◆ **Material provided**:
※

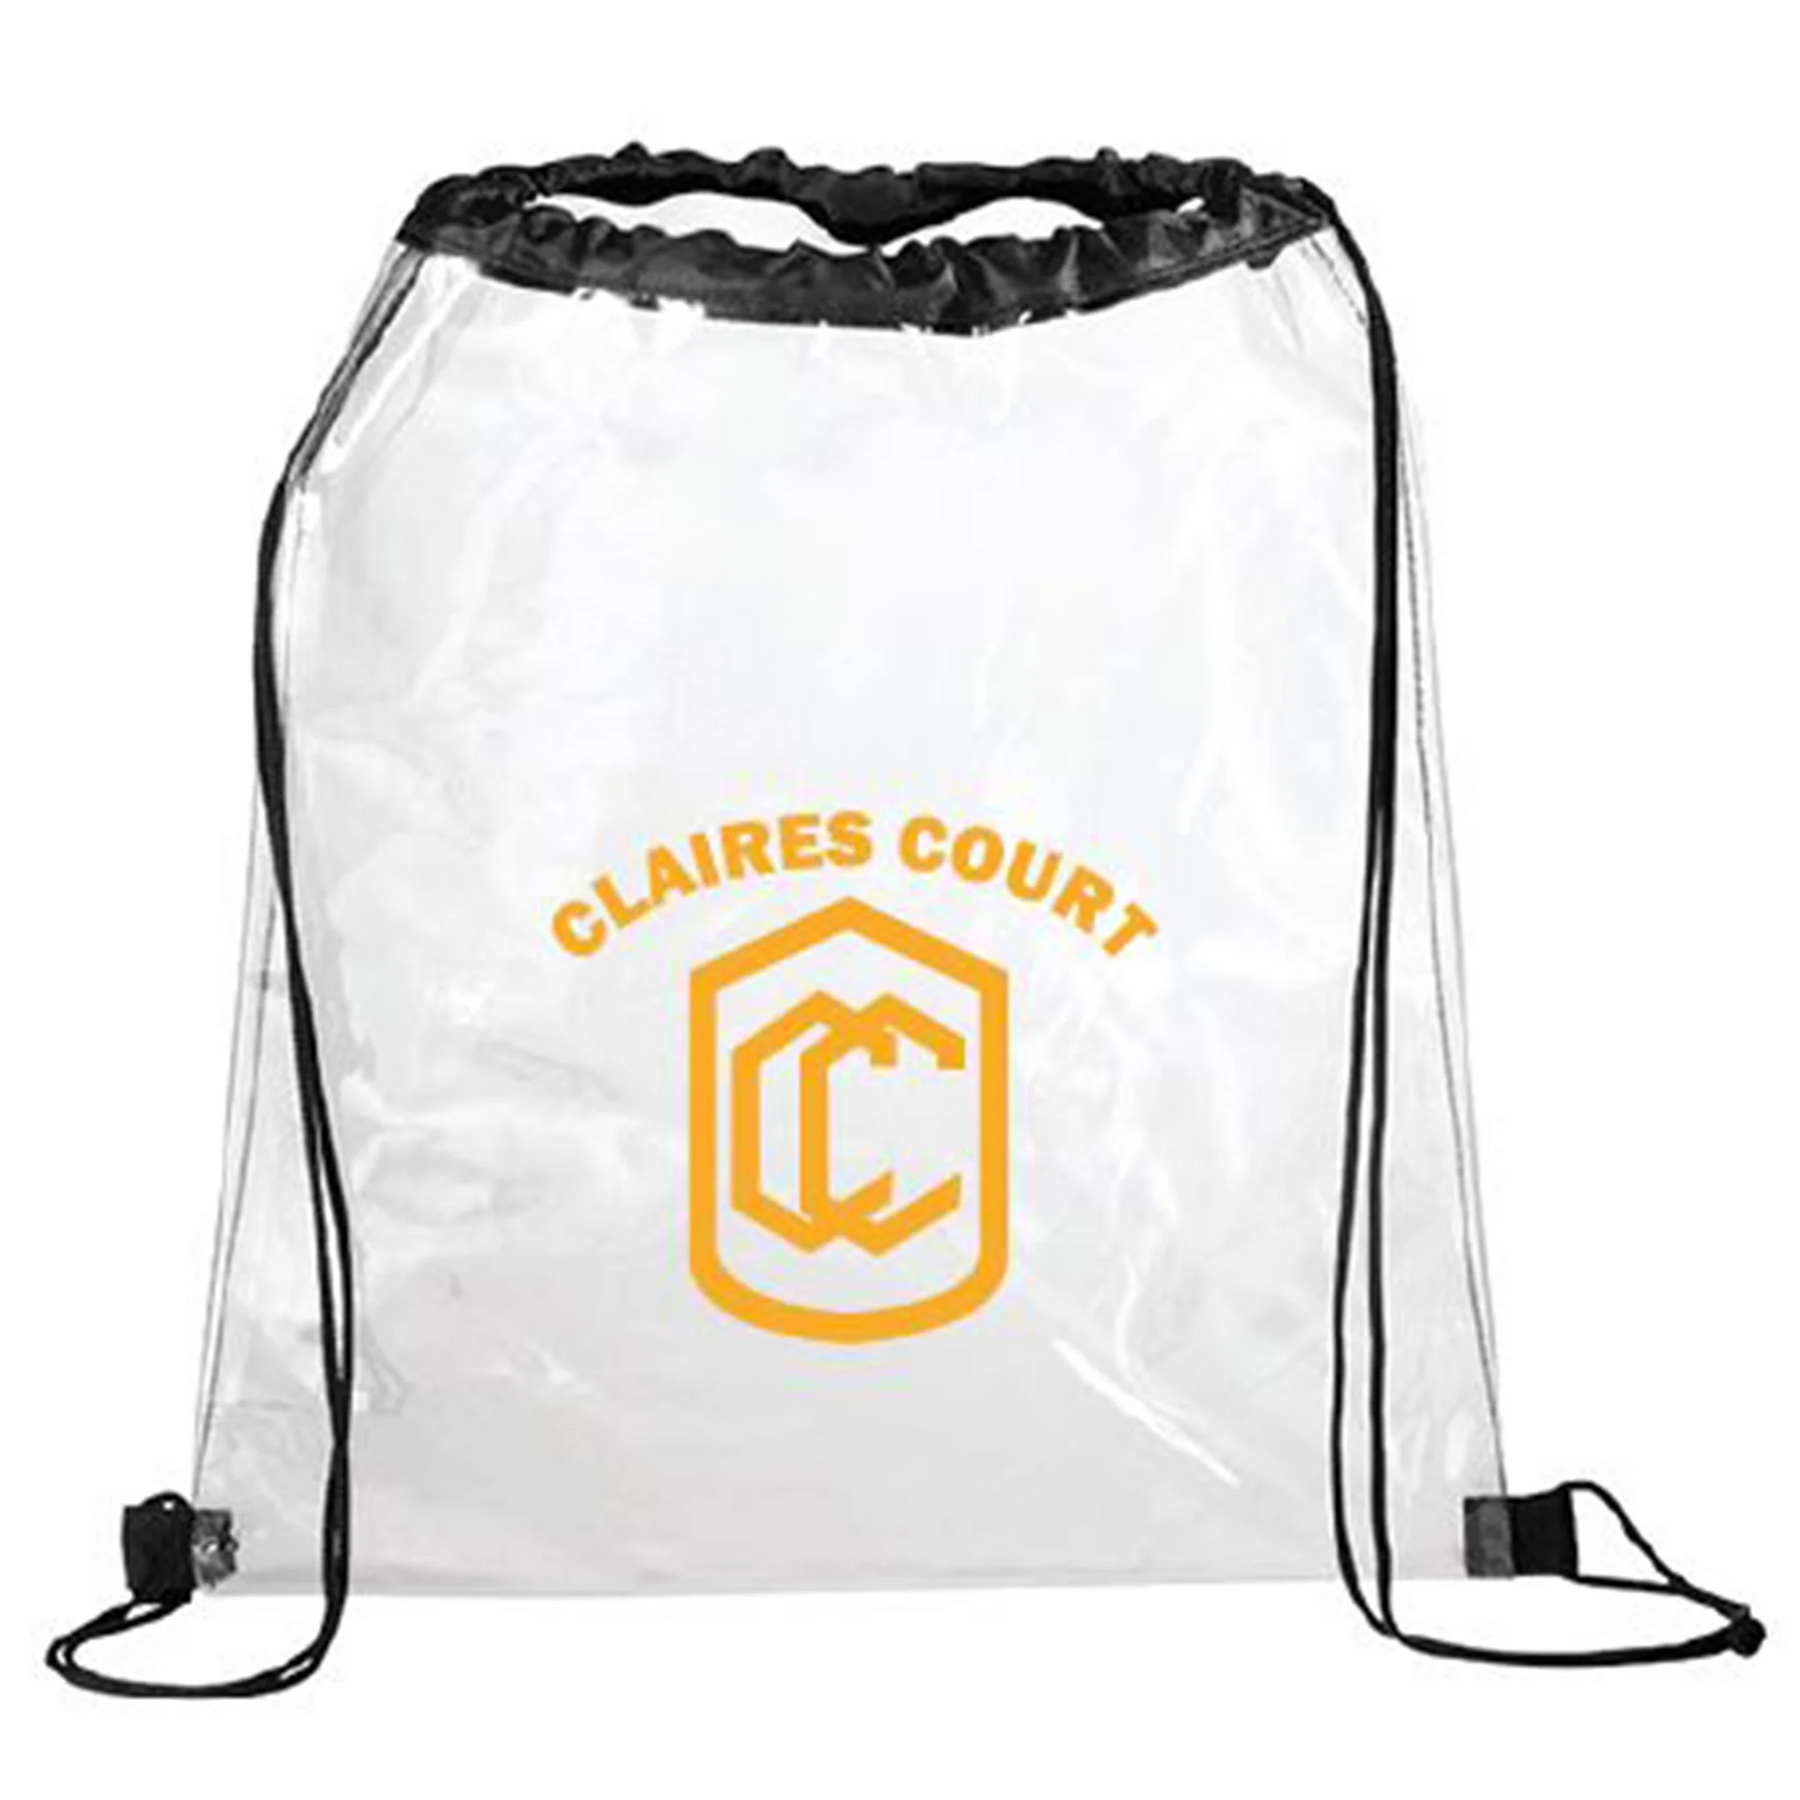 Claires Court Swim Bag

※

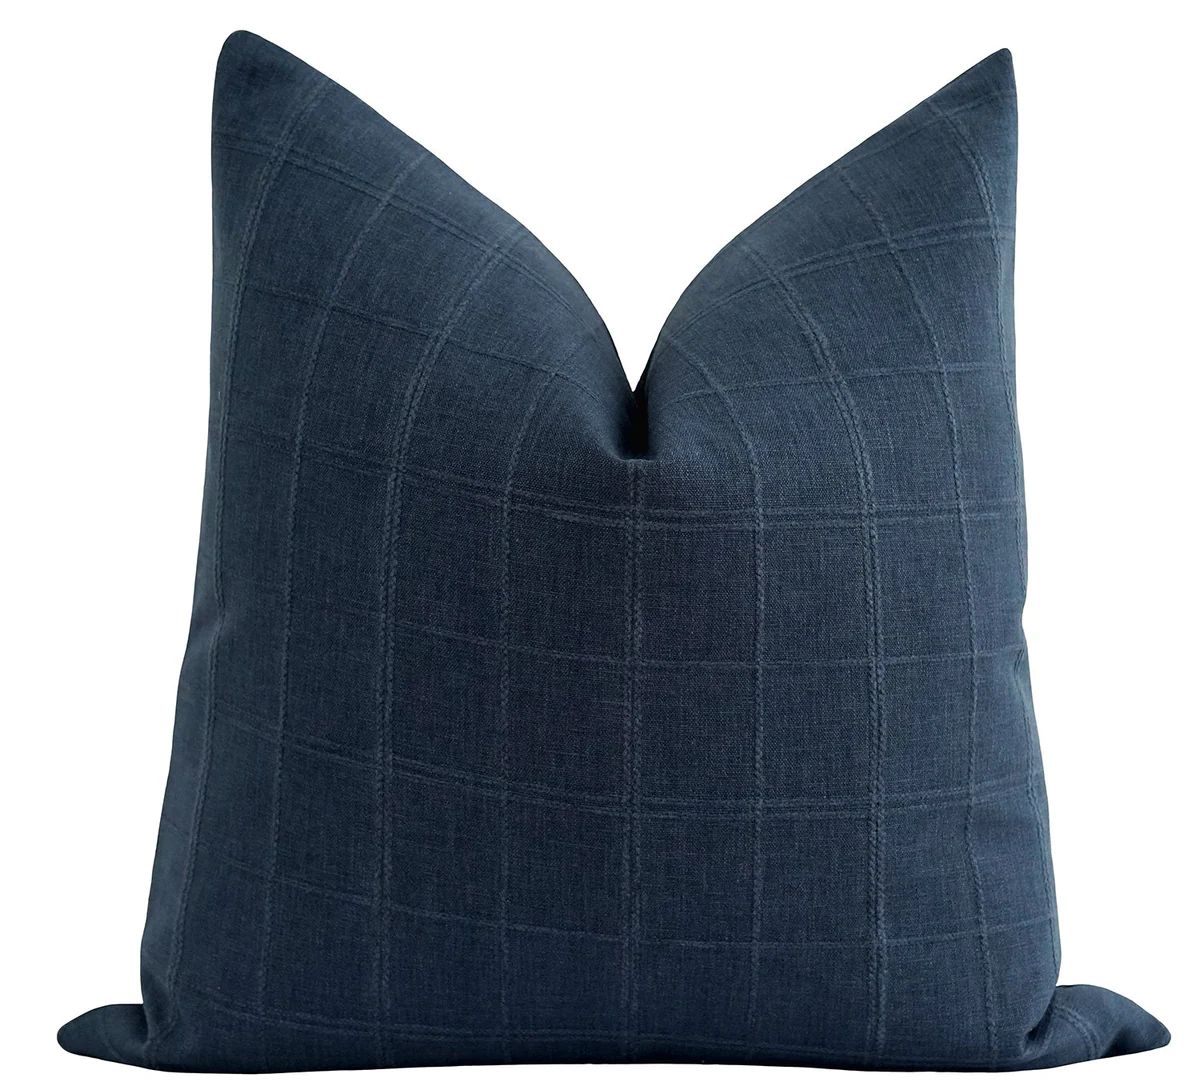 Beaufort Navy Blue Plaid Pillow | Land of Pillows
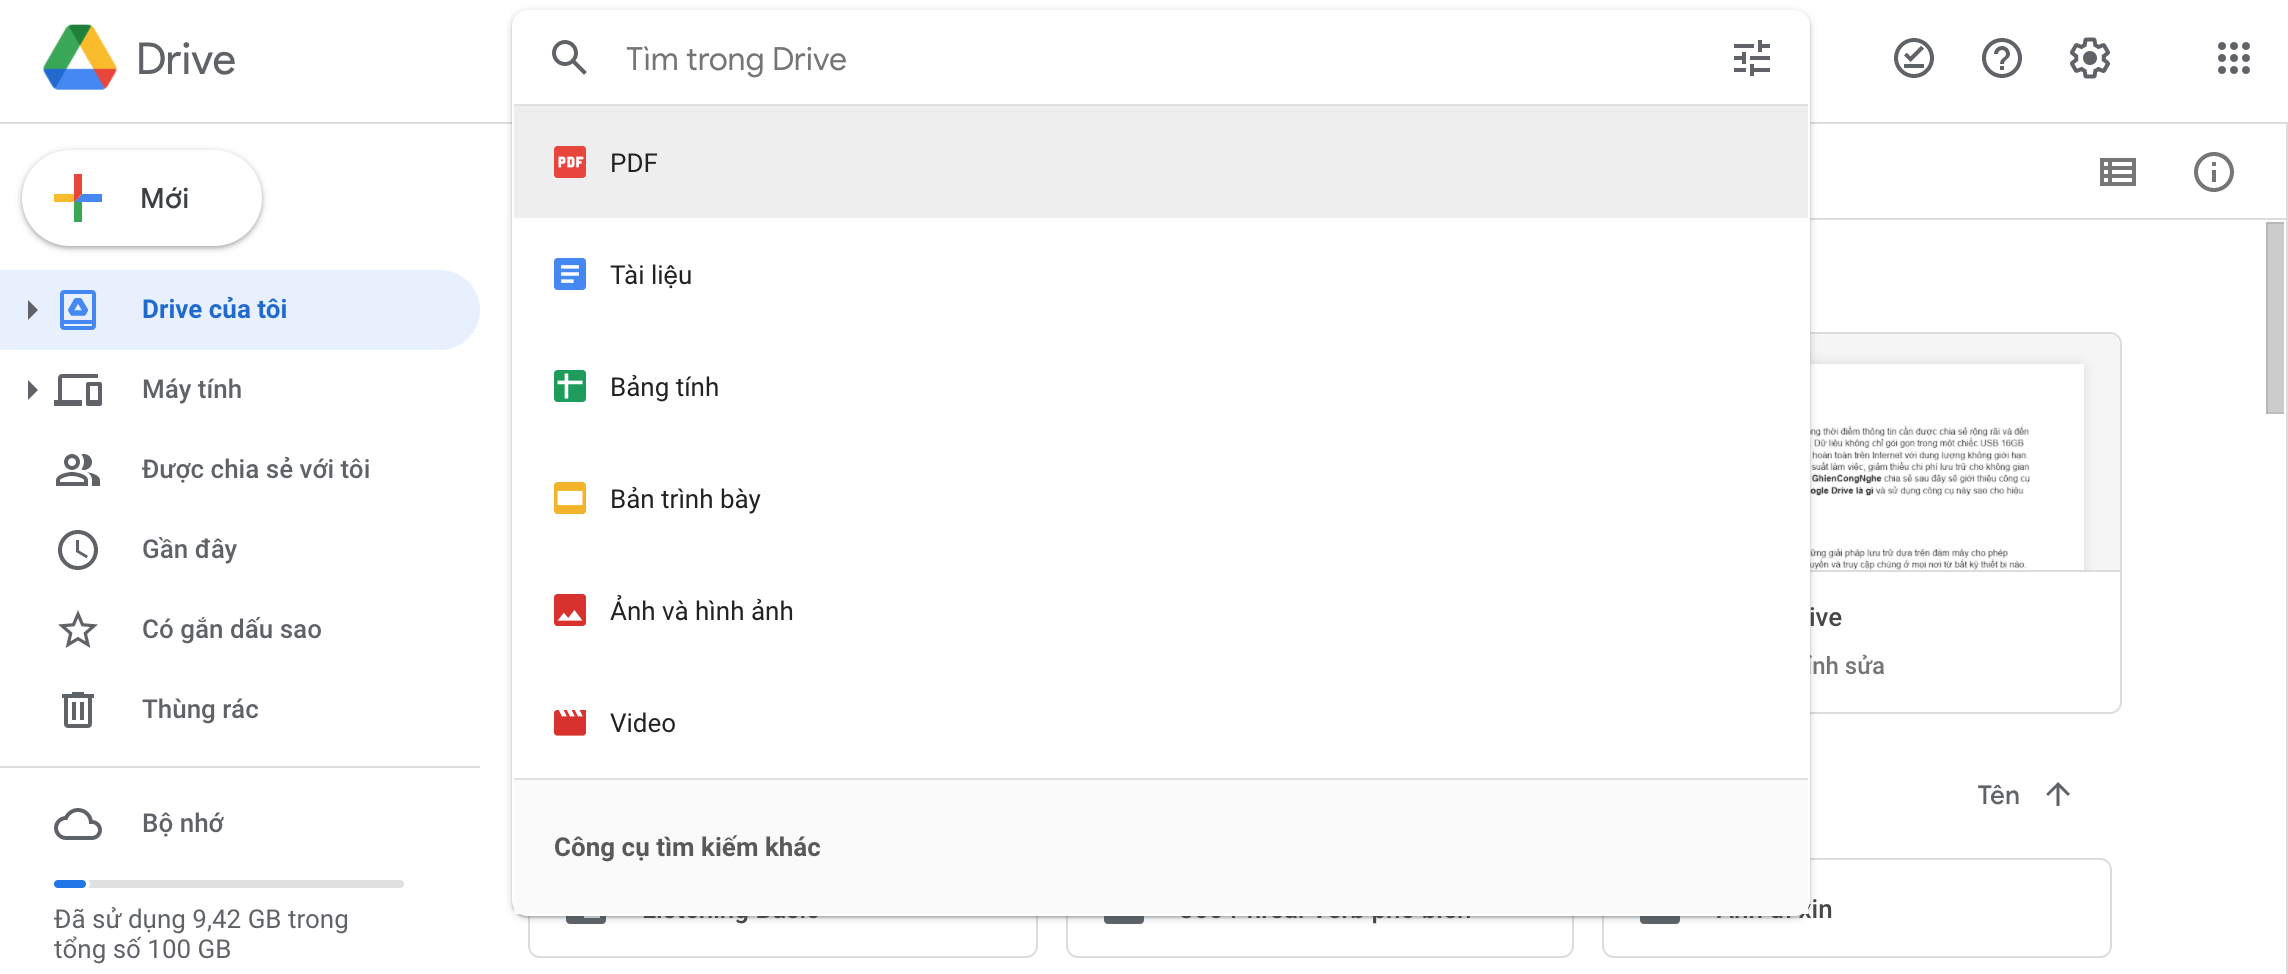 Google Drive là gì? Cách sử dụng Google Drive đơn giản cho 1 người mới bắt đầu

※

◆ **Task item**: Write out word for word the lines above that run from the one with "Beaufort Navy Blue" to the one with "Google Drive là". Include both end lines; exclude the images.

◆ **Written reply**:
 Beaufort Navy Blue Plaid Pillow | Land of Pillows
 Google Drive là gì? Cách sử dụng Google Drive đơn giản cho 1 người mới bắt đầu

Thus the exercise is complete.